Operational and external database layer – the source data for the DW
Information access layer – the tools the end user access to extract and analyze the data
Data access layer – the interface between the operational and information access layers
Metadata layer – the data directory or repository of metadata information
Additional layers are:
Process management layer – the scheduler or job controller
Application messaging layer – the “middleware” that transports information around the firm
Physical data warehouse layer – where the actual data used in the DSS are located
Data staging layer – all of the processes necessary to select, edit, summarize and load warehouse data
from the operational and external data bases
c) Discuss the Techniques Used in intelligent decision support systems to Mine the Data (5 marks)
Classification methods
The goal is to discover rules that define whether an item belongs to a particular subset or class of data.
For example, if we are trying to determine which households will respond to a direct mail campaign, we will want rules that
separate the “probables” from the not probables.
These IF-THEN rules often are portrayed in a tree-like structure.
Association Methods
These techniques search all transactions from a system for patterns of occurrence.
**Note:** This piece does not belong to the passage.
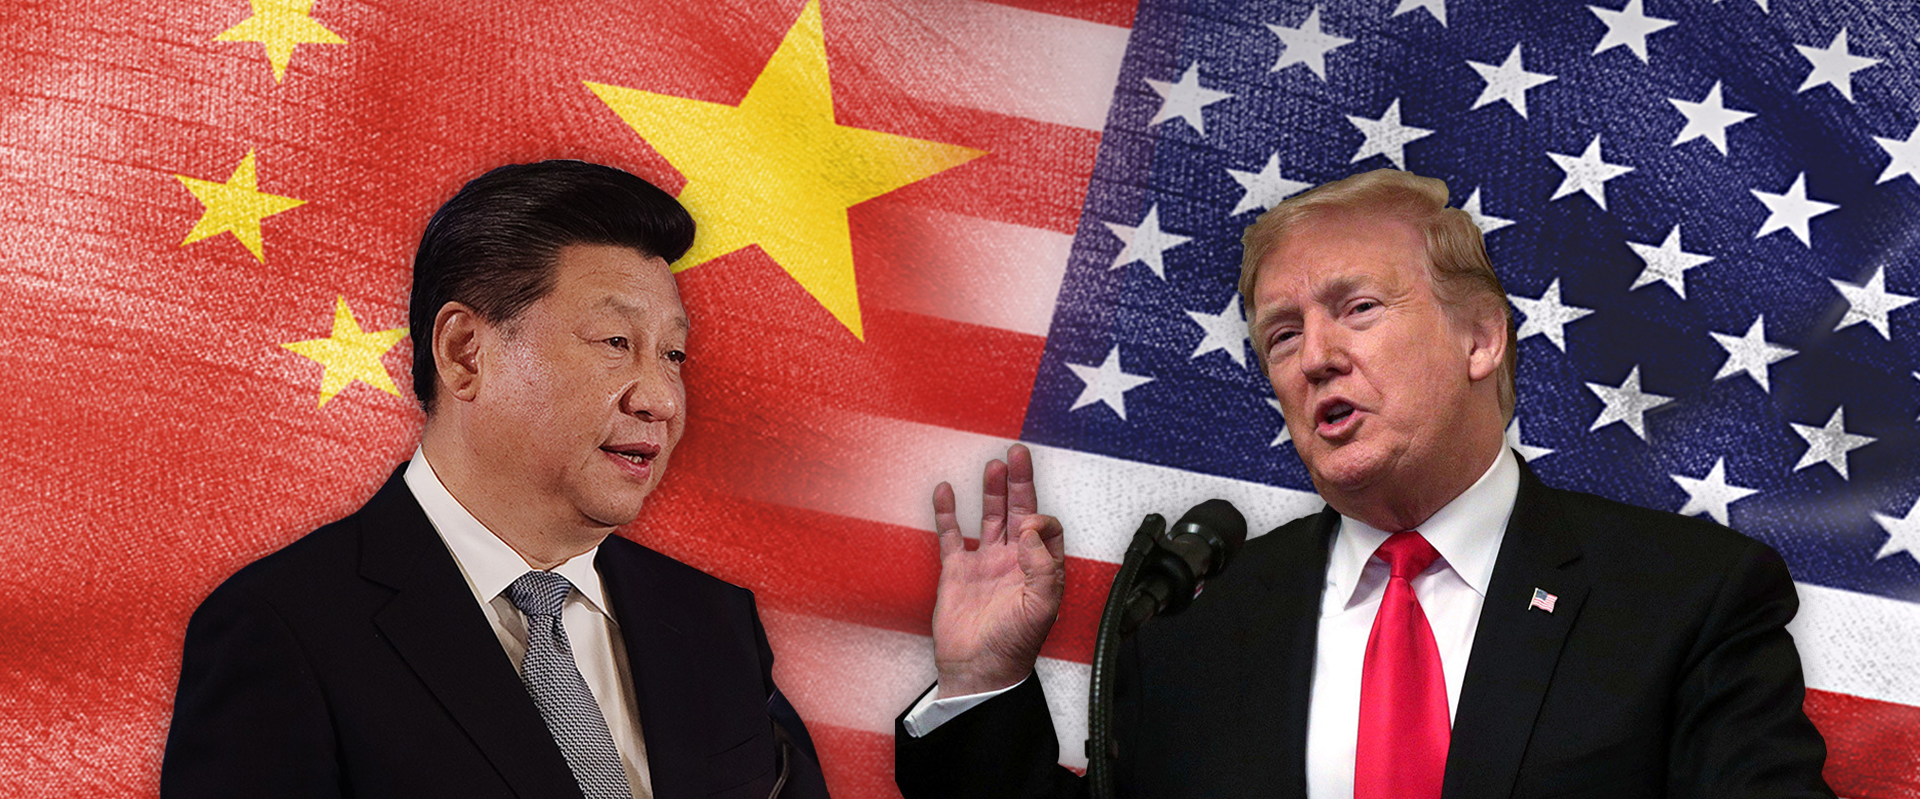 Kết quả hình ảnh cho người dân Trung Quốc giảm du lịch vì chiến tranh thương mại
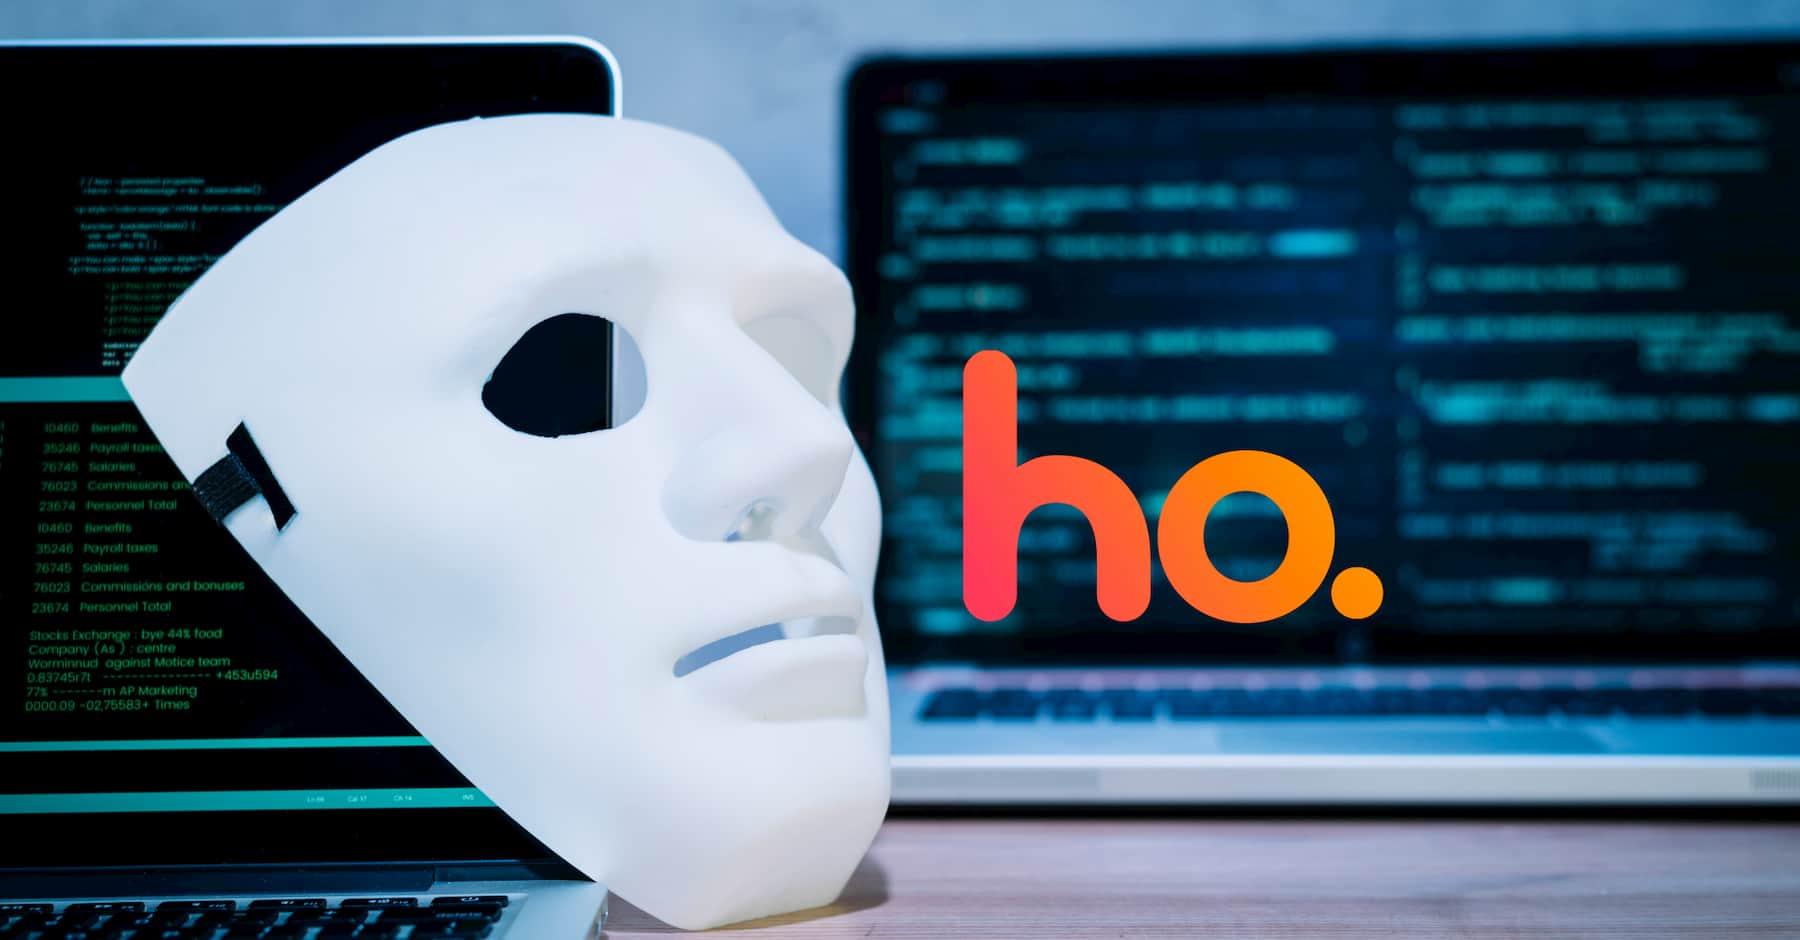 ho. hacker

A common method is market basket analysis, in which the set of products purchased by thousands of consumers are
examined.
Results are then portrayed as percentages; for example, “30% of the people that buy steaks also buy charcoal”.
Sequencing Methods
These methods are applied to time series data in an attempt to find hidden trends.
If found, these can be useful predictors of future events.
For example, customer groups that tend to purchase products tied-in with hit movies would be targeted with promotional
campaigns timed to release dates.
Clustering Techniques
Clustering techniques attempt to create partitions in the data according to some distance metric.
The clusters formed are data grouped together simply by their similarity to their neighbors.
By examining the characteristics of each cluster, it may be possible to establish rules for classification.
QUESTION FOUR [15 MARKS]
a) Using a case of your own choice describe the phases you would go through in a decision-making process.
(5 marks)
a. Intelligence – collecting, organizing knowledge
alertness to occasions for decision
b. Design – identification, examination of possible courses of action
evaluation of expected outcomes for these
c. Choice – applies authority to make selection, in face of internal/external pressures
b) Discuss the common strategies that are used in guiding decision-making processing. (10 marks)
a. Optimizing: select the course of action with the highest payoff/utility
cost/benefit of all alternatives
costly to perform
can’t adequately measure utility
b. Satisficing: select the course of action “good enough” to meet minimal set of
requirements.
all alternatives not considered
limited time, effort, money to make decision
alternatives considered sequentially
c. Elimination-by-aspects: narrowing process, eliminating alternatives that fail with
respect to one aspect.
may eliminate one that is “overall” superior to others in all but a single aspect
d. Incrementalism: “muddling through” or “putting out fires”
successive comparison of alternatives to current course, to find ways of removing
shortcomings of present approach
e. Mixed scanning: scanning: search, collection, processing, evaluating, weighing of
information
degree varies with importance of decision
list the alternatives and reject those with “crippling objection”
continue until one alternative remains
** Knowledge is raw material, work in process and the finished good of decision making.